Activity: Exact copies of the lines below are the goal; any images in them are dropped.

Data block:

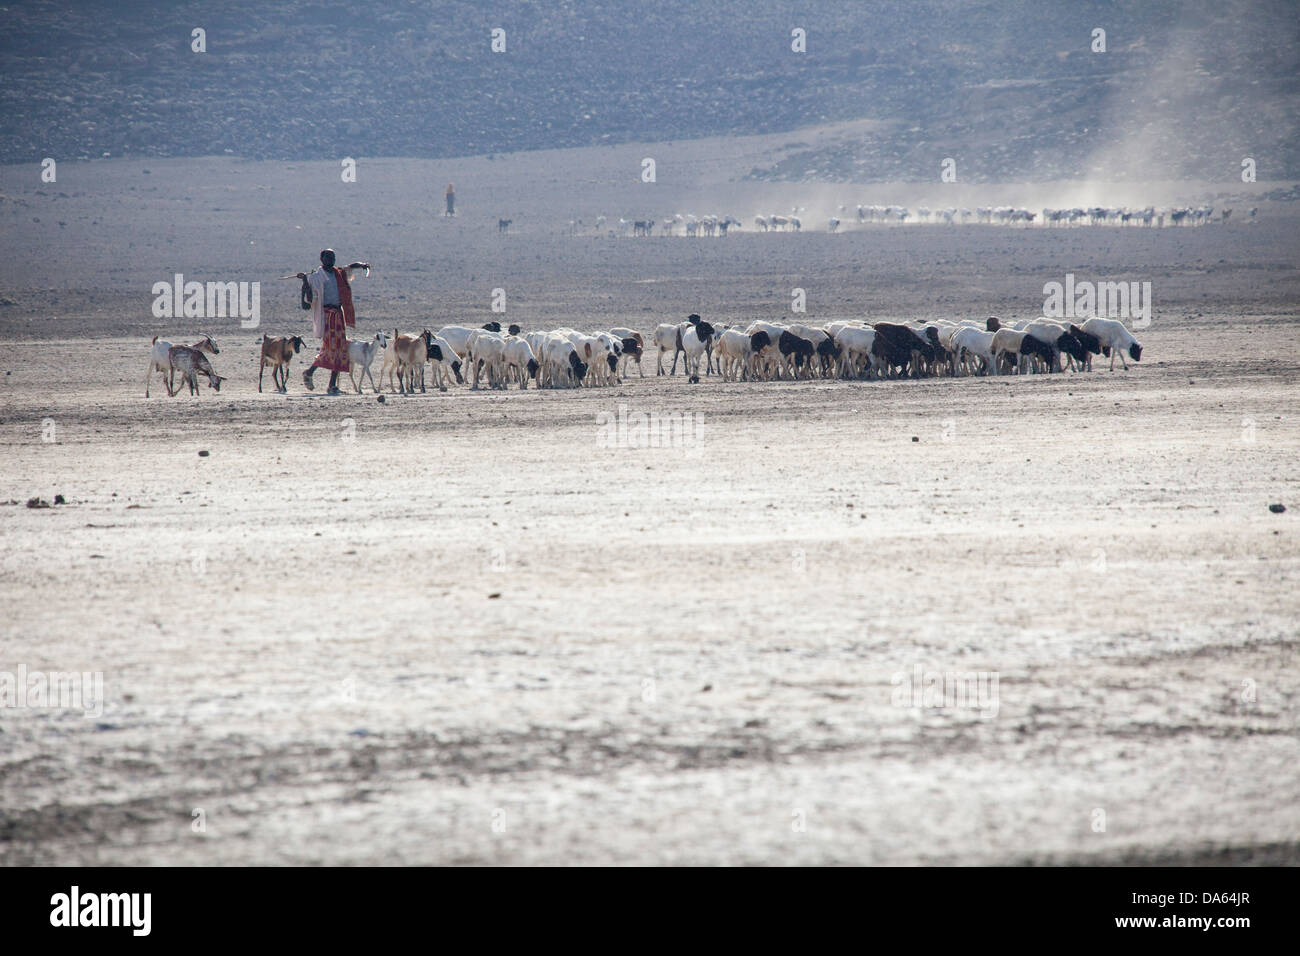 herd of goats, goats, nanny goats, Abbesee, Djibouti, Africa, scenery, landscape, nature, lake, lakes, agriculture, desert Stock Photo
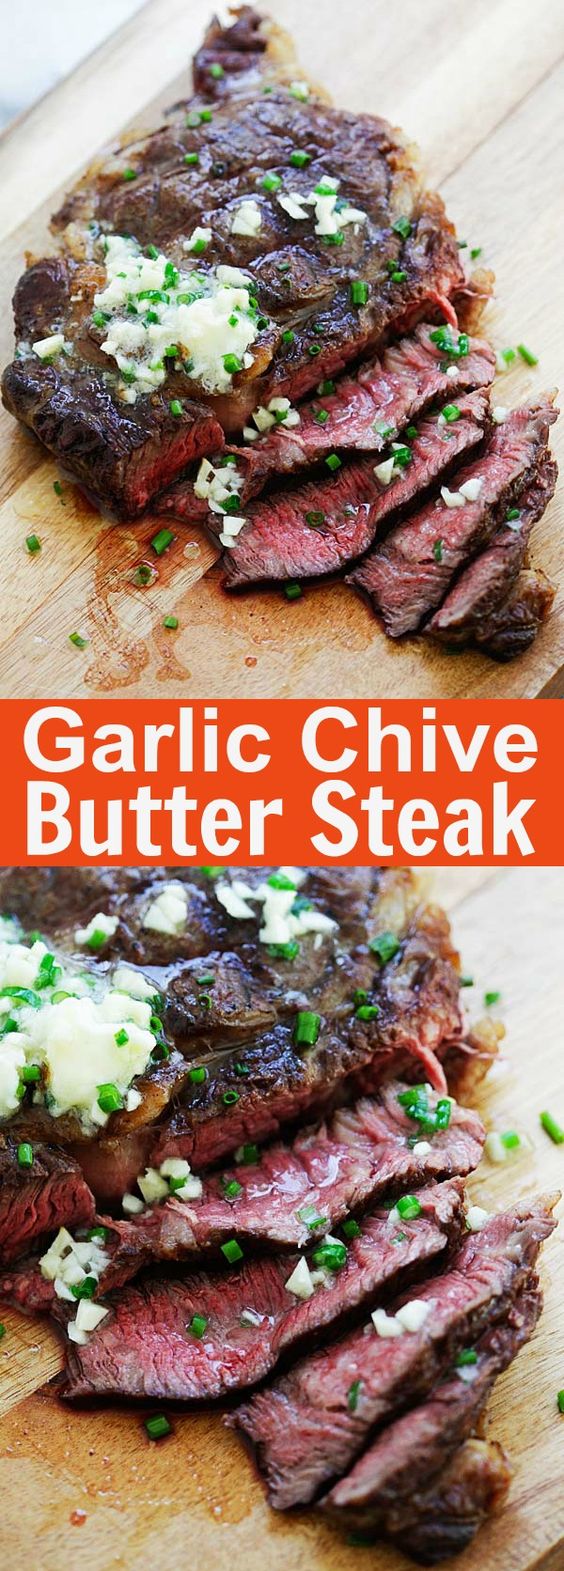 Garlic Chive Butter Steak - the juiciest and most tender steak with garlic chive butter. This steak takes 15 minutes on a grill and dinner is ready | rasamalaysia.com
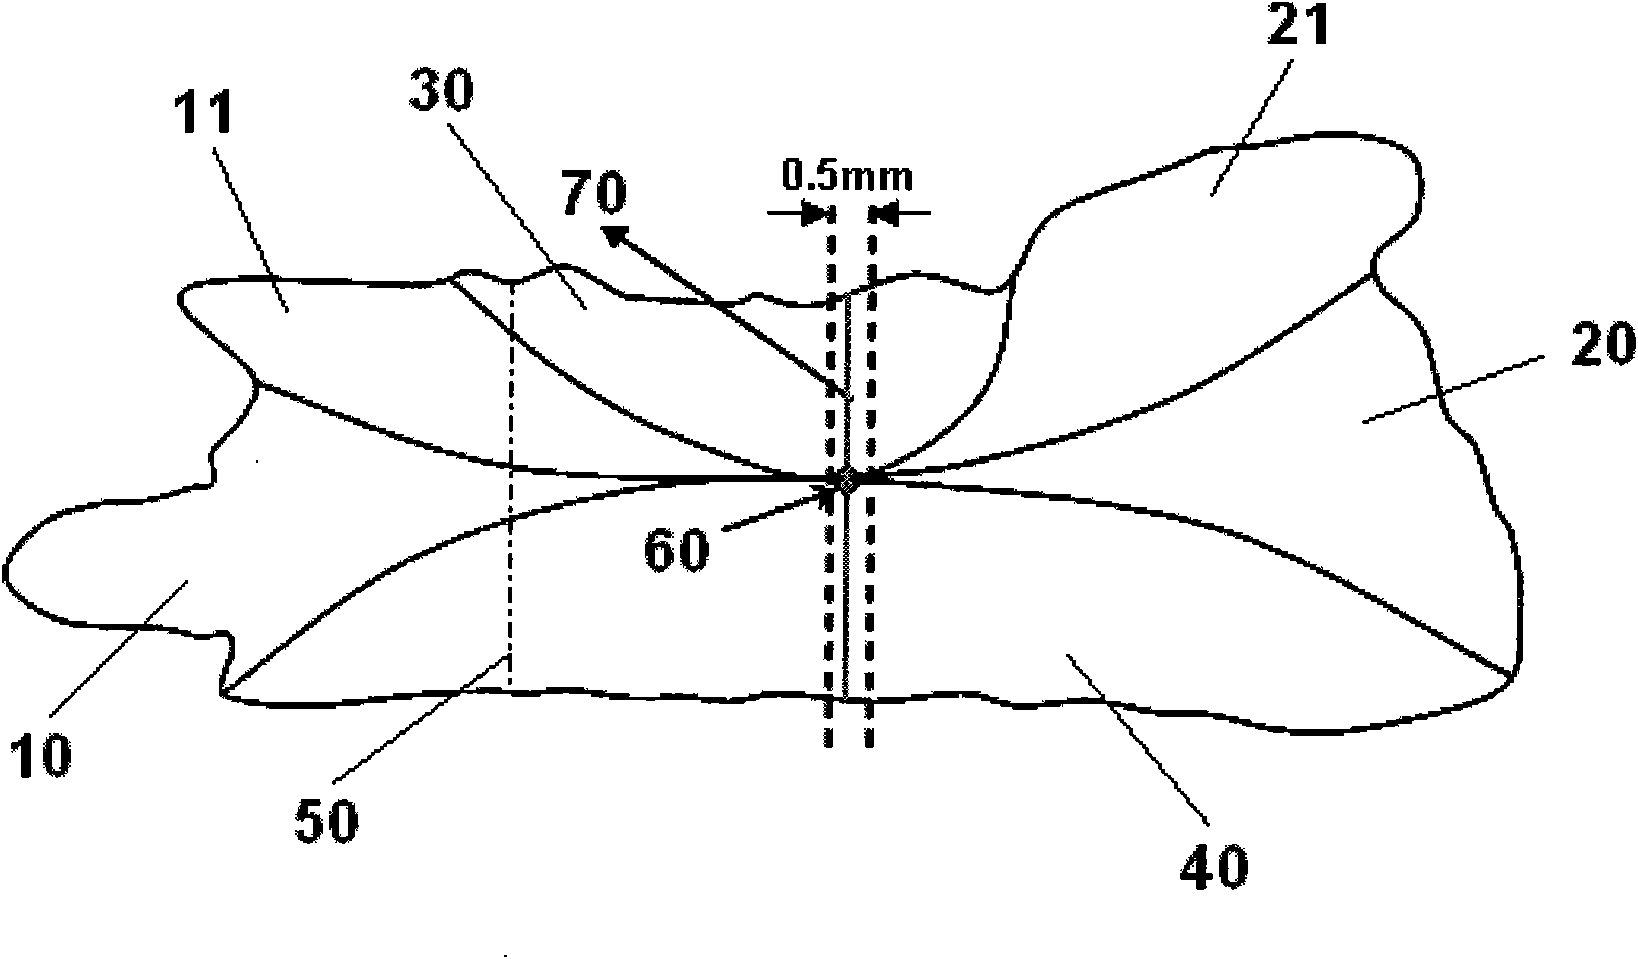 Preparation of mackerel otolith cross-sectional slices and method for determining age thereof

Reply:
 herd of goats, goats, nanny goats, Abbesee, Djibouti, Africa, scenery, landscape, nature, lake, lakes, agriculture, desert Stock Photo
 Garlic Chive Butter Steak - the juiciest and most tender steak with garlic chive butter. This steak takes 15 minutes on a grill and dinner is ready | rasamalaysia.com
 Preparation of mackerel otolith cross-sectional slices and method for determining age thereof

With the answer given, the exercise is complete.